Finding cover was difficult as always, but their recon man had found them a perfect place to sequester themselves. Good thing, since they'd been waiting two days and two nights. The only good thing about the endless wait, alternately roasting and freezing, was the wind that had plagued them constantly for most of that time had finally died down. Beau, the team's sniper, hated the wind. An errant wind played hell with the accuracy of a sniper rifle, screwing with the trajectory. He'd been doing this, serving as a sniper, for ten years and had learned how to compensate for nature, how to correct for correct for almost anything up gale force winds. But he liked it better when the air was still and his spotter could give him exact trajectory and coordinates. He'd still rather not have to worry about it. And up here in the Hindu Kush, the winds were very unpredictable.

Stretched out full length beside him was Trey McIntyre, the man who had been his spotter from the time he joined the team. By now the two of them were so much in sync, they could almost communicate telepathically. Trey was motionless, staring through his field glasses at the small settlement below. It was little more than a collection of tents, with camels and donkeys staked out under a canvas ceiling. Their target was a tribal leader who had proven connections with a radical Muslim group and who made money stealing guns from the American military and selling them to other tribes.

The intel had reached them that the leader would be visiting this outpost and would be more exposed than at any other time. This would be the most optimum time to take him out before he could do any more damage. With their commander they'd plotted the mission very carefully, trying to cover every angle.

They'd been here all this time waiting for their target to show himself. The intel had informed them they had a three-day window, but that time would run out pretty soon. The Apache gunship that had dropped them off wouldn't hang around beyond the target date. Too dangerous. Even now they all hoped the pilot had managed to find a place out of sight, maybe in one of the many desolate canyons.

Their four-man team had been dropped into place more than a mile away from where they now waited, the place where the helo would pick them up when their mission was completed. Getting more than one team in there—even a full team of their own—would be impractical. The more people you dropped into a hot spot, the greater the chance of discovery. Lean and mean, as Slade always said.

Beau was happy they had found this little notch to conceal themselves. Slade and their recon expert, Marc Blanchard, were stationed behind them, scoping out the area. Covering their backs.

Most people looking at Beau Williams when he was not in mission mode would have dismissed him as a 'surfer dude,' and often did. But he was one of the most highly trained snipers in Delta Force, totally focused on every mission and with a growing kill book. Now, lying on the rocky ground, his ears were tuned to every sound, his hands lovingly cradling his extremely effective .50 caliber Heckler&Koch SG1. The lightweight, highly efficient semi-automatic sniper rifle had deadly accuracy and a large magazine capacity. Its silent bolt-closing device made it ideal when absolute silence was required, as it was with nearly all of their missions.

They had been in this spot for two days, subsisting on energy bars and bottled water and using those sparingly.

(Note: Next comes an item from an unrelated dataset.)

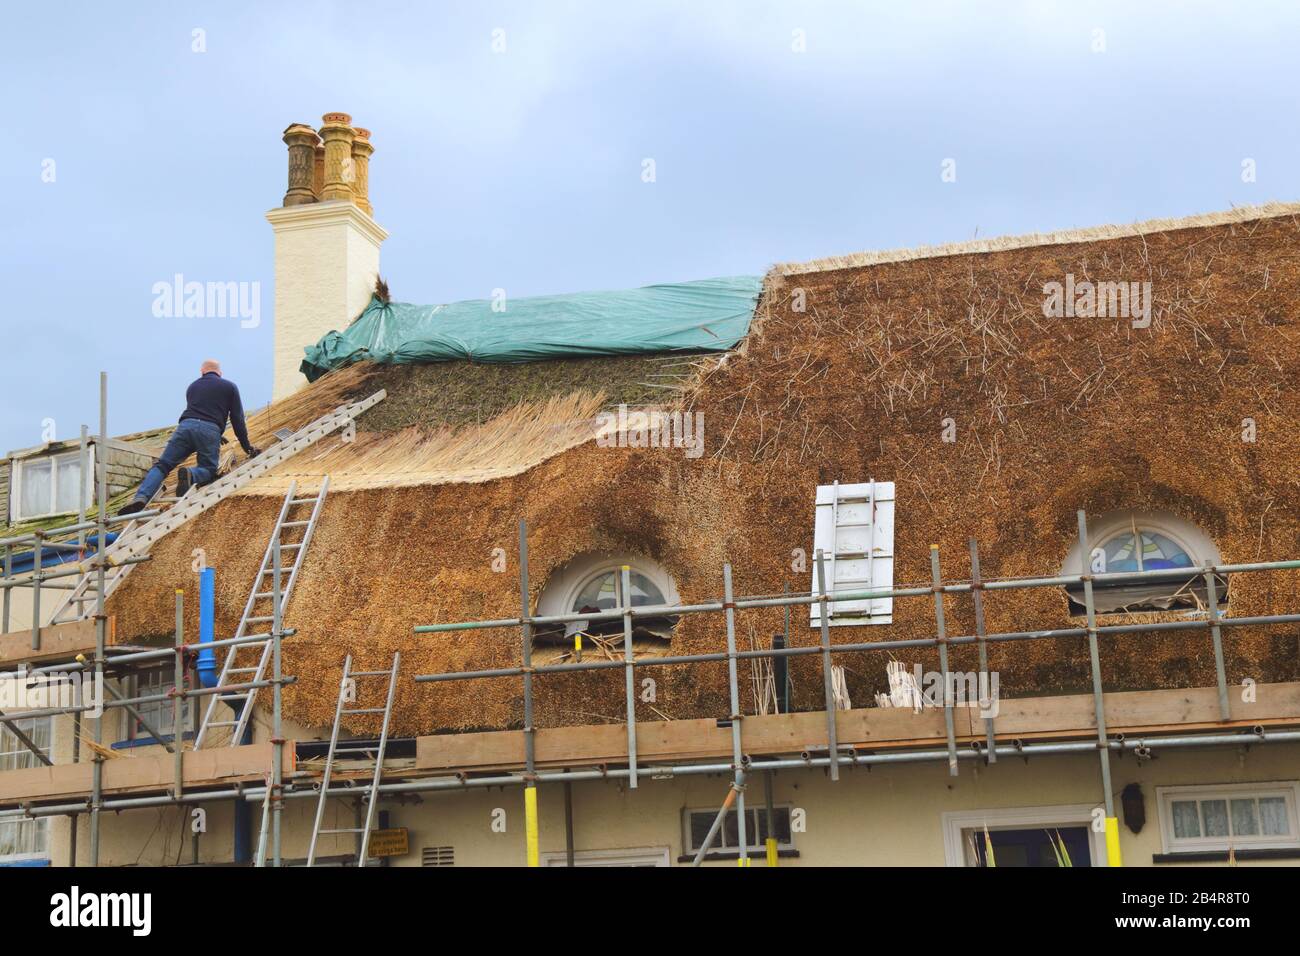 Worker thatching a roof with water reed in Sidmouth, Devon Stock Photo
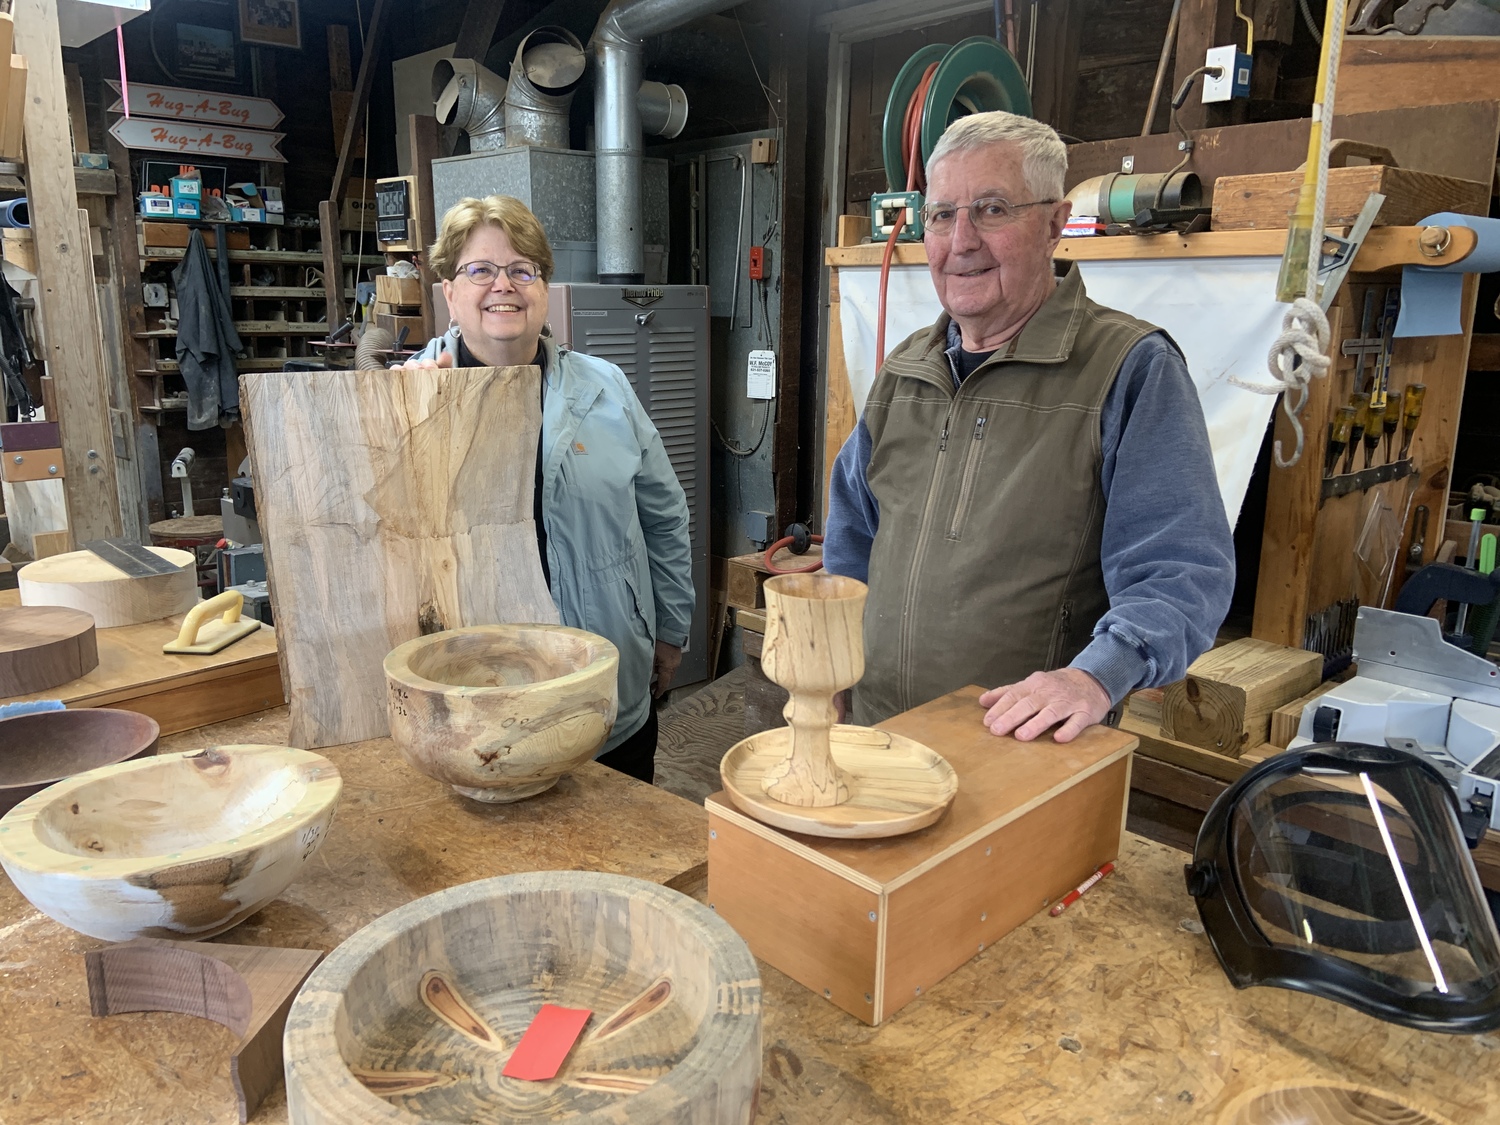 The Reverend Joanne Utley,  with a piece of unfinished beechwood, in John Halsey's Mecox wood shop. The Communion set he made for her sits in front of him. STEPHEN J. KOTZ

It wasn't as if they could run into the local Walmart to replenish their supplies. They had taken turns standing watch, napping lightly, something they'd been well trained to do, watching for signals of the arrival of their target. But the monotony of the activity below them hadn't changed. The men in the camp rose early, gathered in the central area of the yard for prayers, prepared their breakfast over a central campfire and ate as if they had nothing else to do. Which, Beau thought, seemed to be pretty much what their activity was for the rest of the day. At sundown they prayed again, ate dinner and retired to their tents.